An adjacency list is a way to represent a graph as a map from nodes to lists of edges.

Pros	Cons
Space efficient for representing sparse graphs	Less space efficient for denser graphs.
Iterating over all edges is efficient	Edge weight lookup is O(E)
	Slightly more complex graph representation

Edge List#

An edge list is a way to represent a graph simply as an unordered list of edges. Assume the notation for any triplet (u,v,w) means: “the cost from node u to node v is w” This representation is seldomly used because of its lack of structure. However, it is conceptually simple and practical in a handful of algorithms.

Pros	Cons
Space efficient for representing sparse graphs	Less space efficient for denser graphs.
Iterating over all edges is efficient	Edge weight lookup is O(E)
Very simple structure

Graph Abstract Data Type#

The graph abstract data type (ADT) is defined as follows:

Graph() creates a new, empty graph.
add_vertex(vert) adds an instance of Vertex to the graph.
add_edge(fromVert, toVert) Adds a new, directed edge to the graph that connects two vertices.
add_edge(fromVert, toVert, weight) Adds a new, weighted, directed edge to the graph that connects two vertices.
get_vertices() returns the list of all vertices in the graph.
in returns True for a statement of the form vertex in graph, if the given vertex is in the graph, False otherwise.

Implementing a Graph in Python#

An abstract data type (ADT) when given a physical implementation then we refer to the implementation as a data structure.

In any object-oriented programming language, the implementation of choice for an abstract data type such as a Graph is the creation of a new class. The Graph operations are implemented as methods.

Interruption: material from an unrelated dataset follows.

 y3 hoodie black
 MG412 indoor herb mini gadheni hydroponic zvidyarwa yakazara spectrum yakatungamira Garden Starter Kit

Using dictionaries, it is easy to implement the adjacency list in Python. In our implementation of the Graph abstract data type we will create a classes Graph, which holds the master list of vertices, and edges.

class Graph:

    def __init__(self):
        self.vertices = set()
        self.num_vertices = 0

        self.edges = {}
        self.num_edges = 0

    def add_vertex(self, v):
        if v not in self.vertices:
            self.vertices.add(v)
            self.num_vertices += 1

    def add_edge(self, v, u, w=None):
        self.add_vertex(v)
        self.add_vertex(u)

        if v not in self.edges:
            self.edges[v] = {u: w}
        else:
            self.edges[v][u] = w

        self.num_edges += 1

    def get_vertices(self):
        return self.vertices

    def get_edges(self, v):
        return self.edges[v].items()


g = Graph()
g.add_edge(0, 1, 5)
g.add_edge(0, 4, 4)
g.add_edge(4, 1, 0)
g.add_edge(4, 3, 1)
g.add_edge(1, 0, 6)
g.add_edge(1, 4, 7)
g.add_edge(1, 3, 8)
g.add_edge(1, 2, 1)
g.add_edge(2, 3, 3)
g.add_edge(3, 4, 2)

for v in g.get_vertices():
    print(f"{v}")
    for u, w in g.get_edges(v):
        print(f" └──> {u}: {w}")

0
 └──> 1: 5
 └──> 4: 4
1
 └──> 0: 6
 └──> 4: 7
 └──> 3: 8
 └──> 2: 1
2
 └──> 3: 3
3
 └──> 4: 2
4
 └──> 1: 0
 └──> 3: 1

Practical usage in python#

dict module provides an implementation of the graph data structure. And it could be used to represent graphs.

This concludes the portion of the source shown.